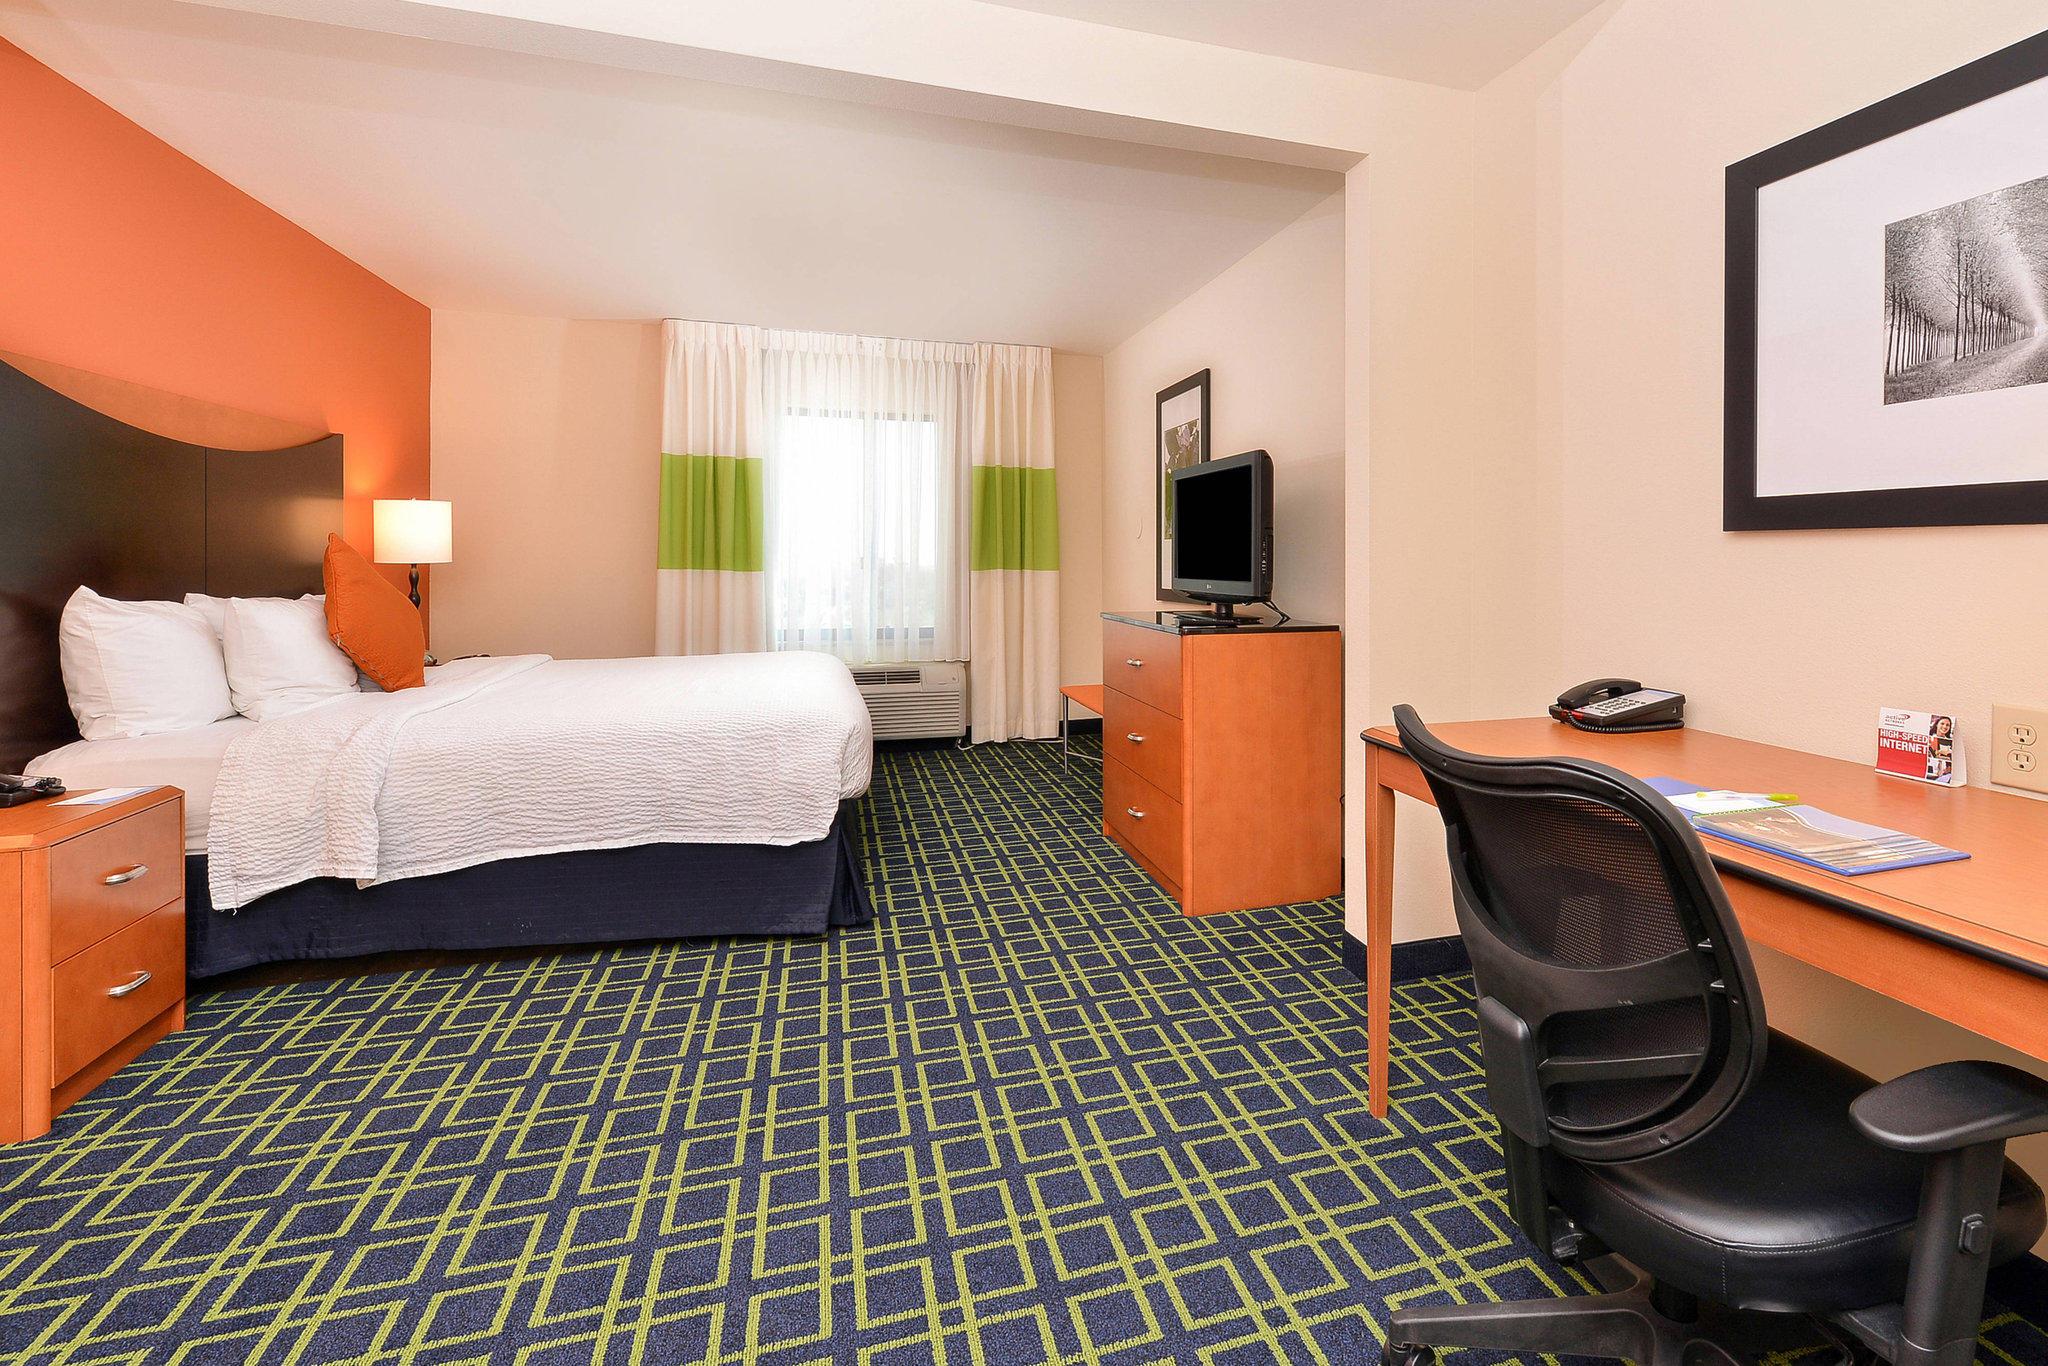 Fairfield Inn & Suites by Marriott Denver Aurora/Parker
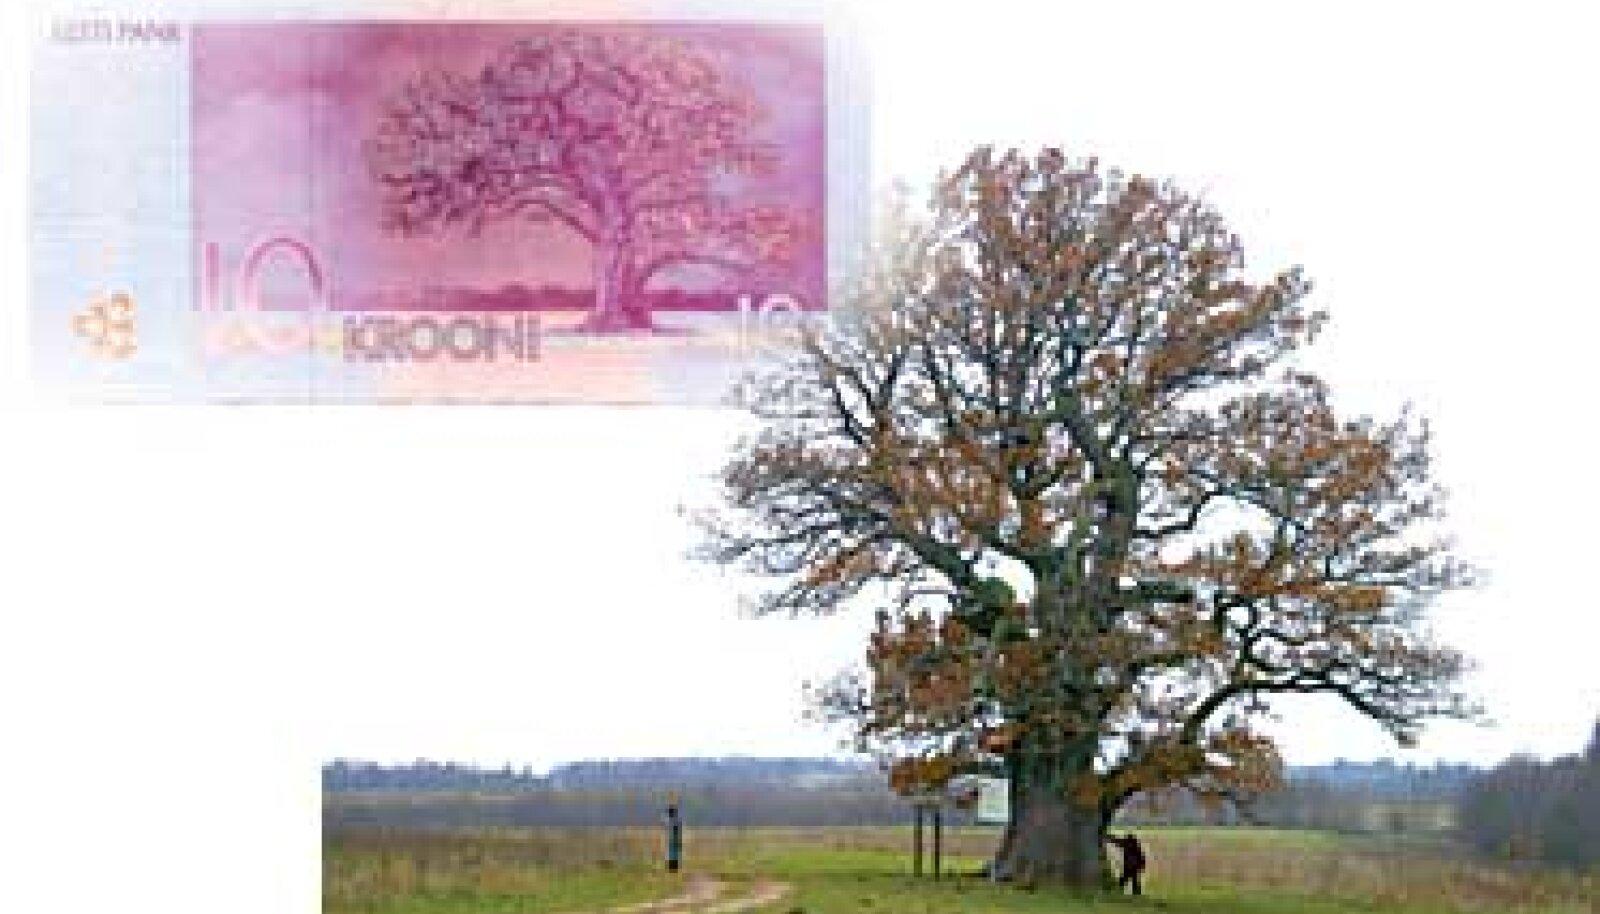 TAMME-LAURI TAMM: Hoolimata betoonsüdamest kasvab puu mühinal inimesest järjest suuremaks.
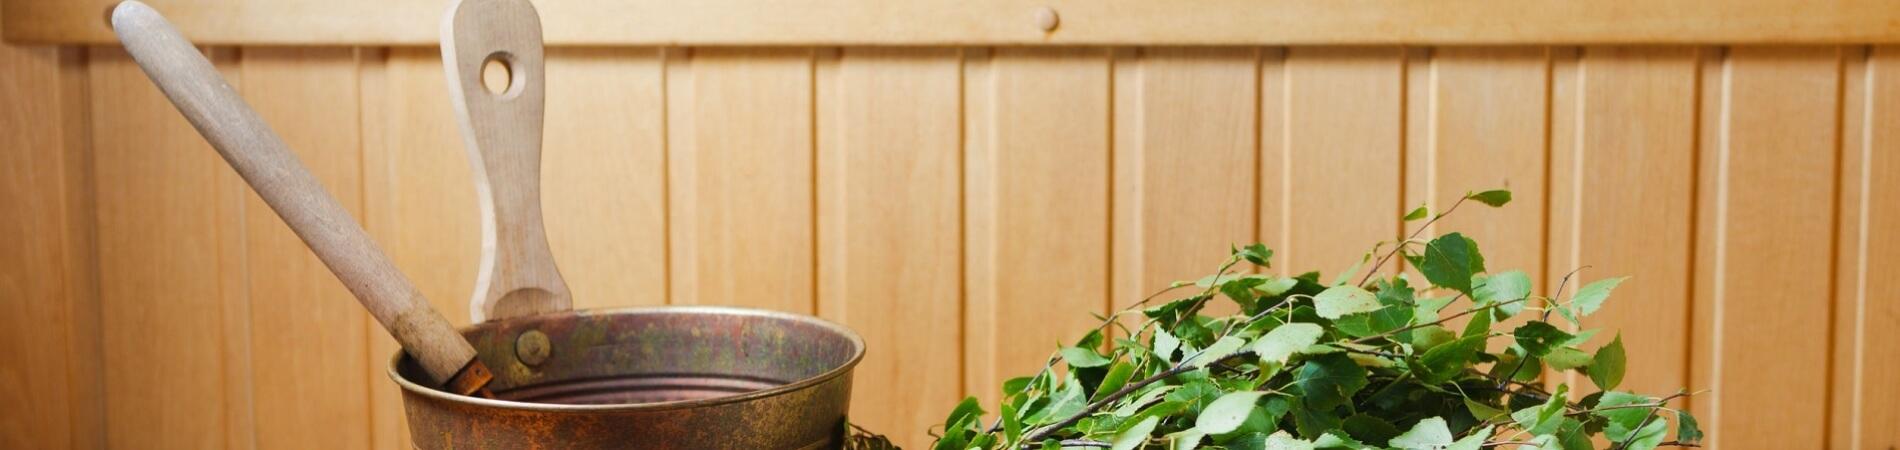 sauna gesundheit 2019 so gesund ist die sauna. Black Bedroom Furniture Sets. Home Design Ideas
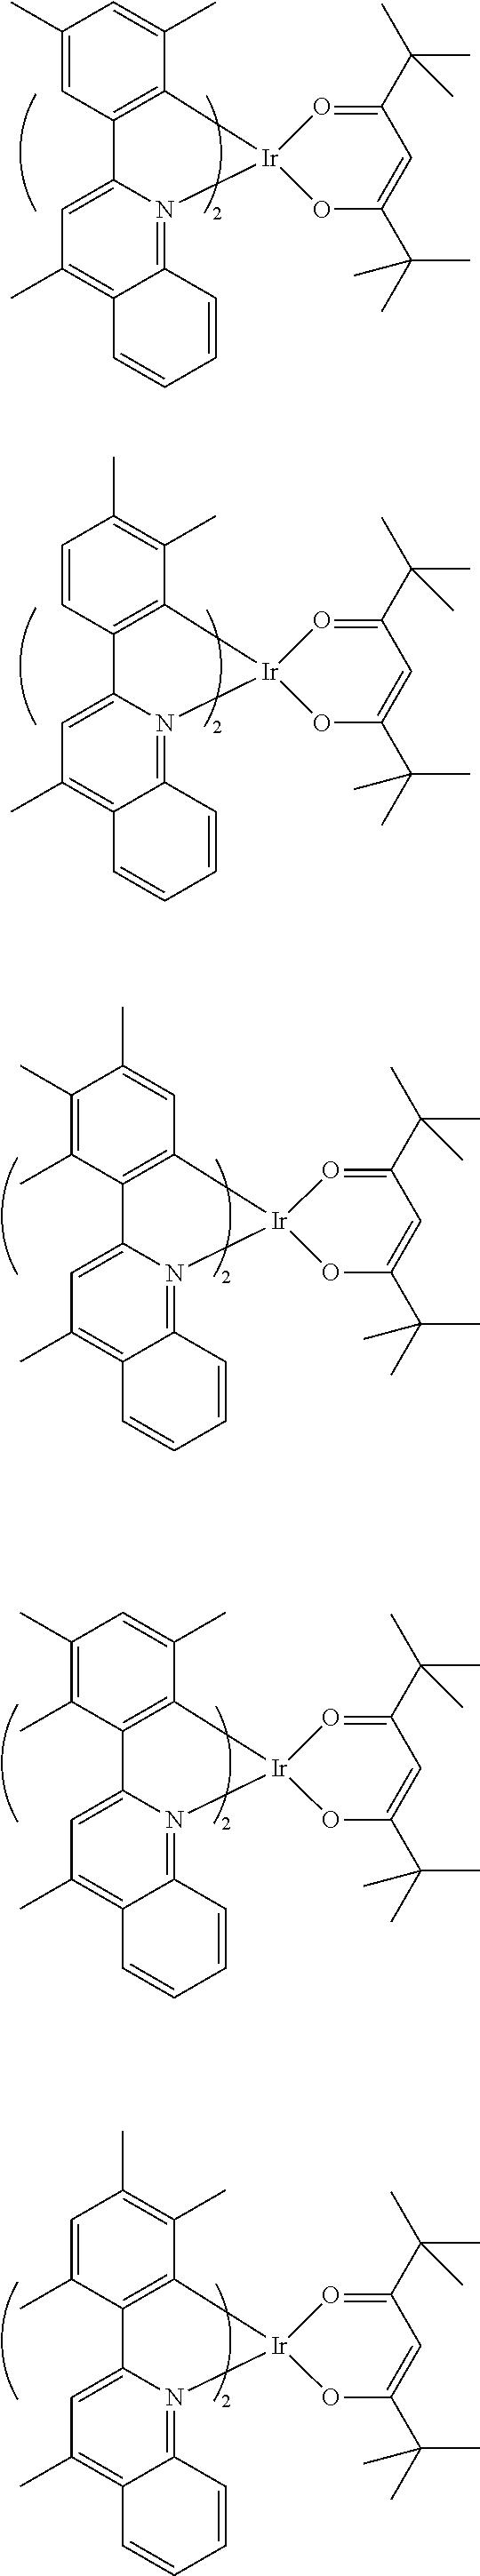 Figure US09324958-20160426-C00024
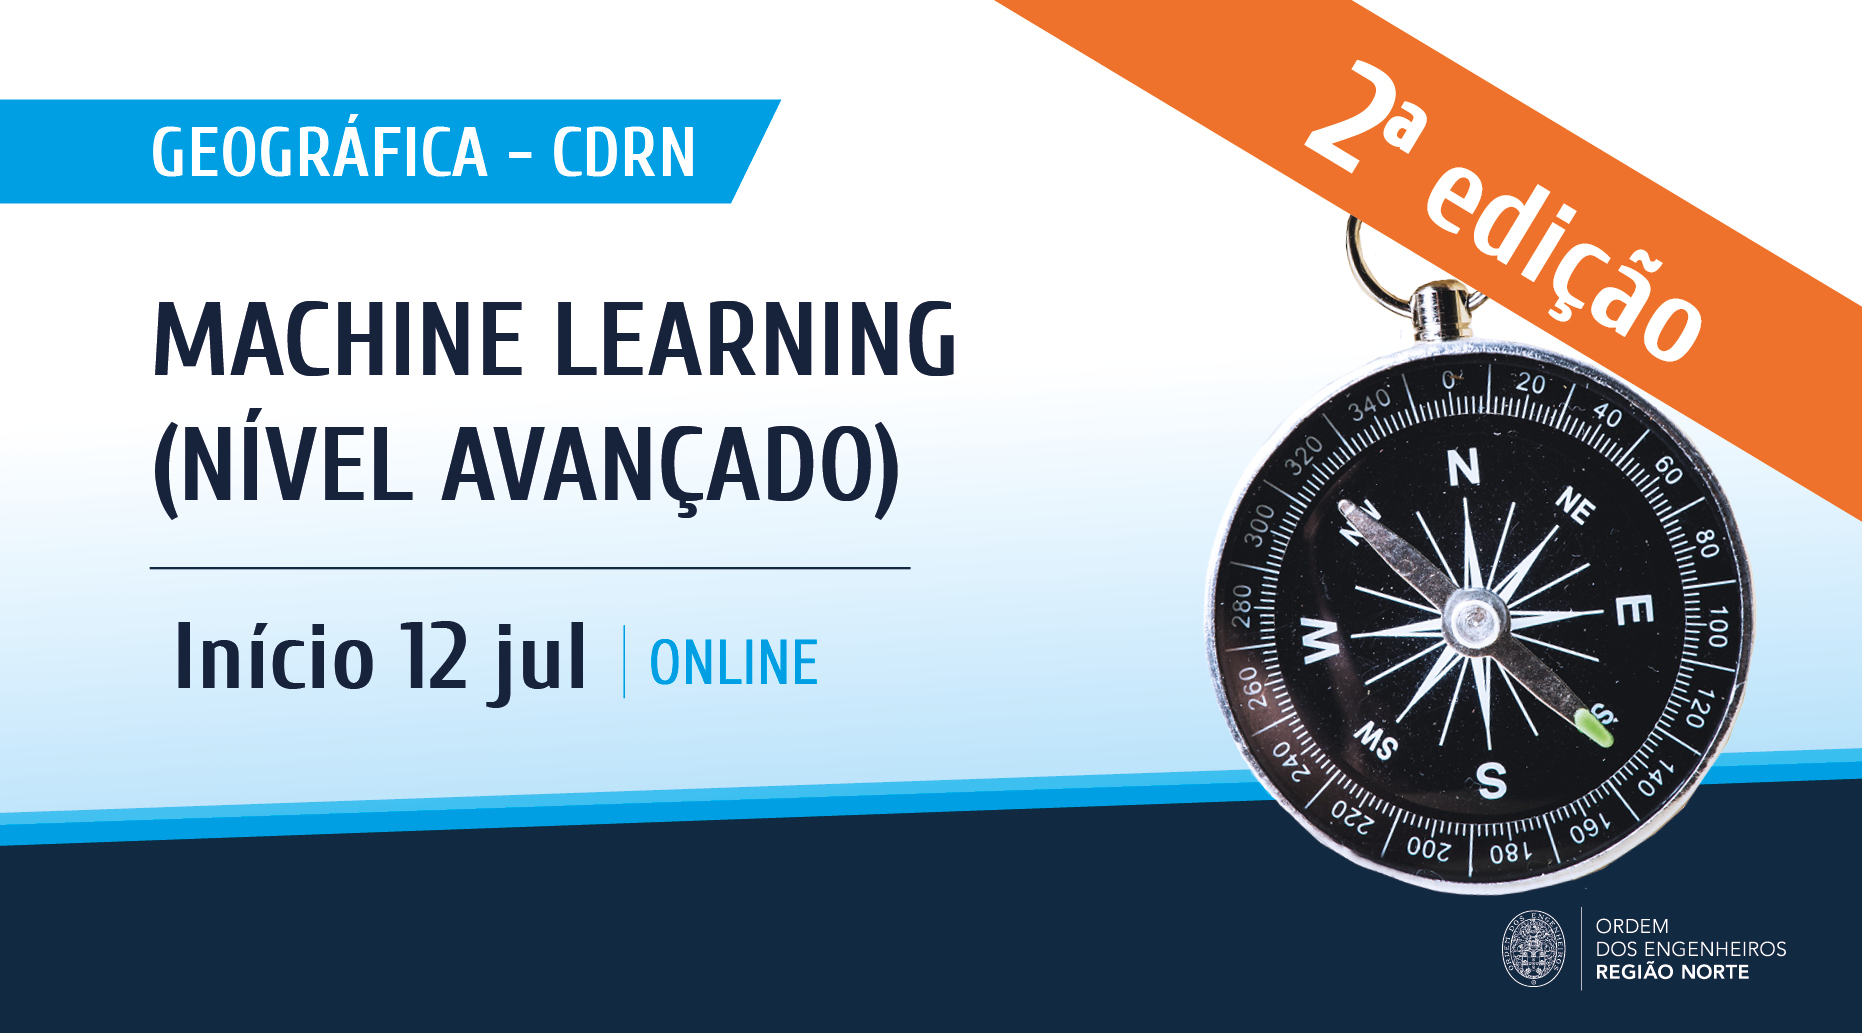 Plataforma Notícias Ordem Engenheiros Região Norte - [Formação] Machine Learning (nível avançado) – 2ª edição
──────────────────────────────
▶ WHAT YOU HAVE TO DO: Output, exactly and only: the line containing "Figure US09324958-20160426-C00024", the last line of the listing above, and every line in between. Leave the pictures out.

▶ PROBLEM SOLUTION:
 Figure US09324958-20160426-C00024
 Plataforma Notícias Ordem Engenheiros Região Norte - [Formação] Machine Learning (nível avançado) – 2ª edição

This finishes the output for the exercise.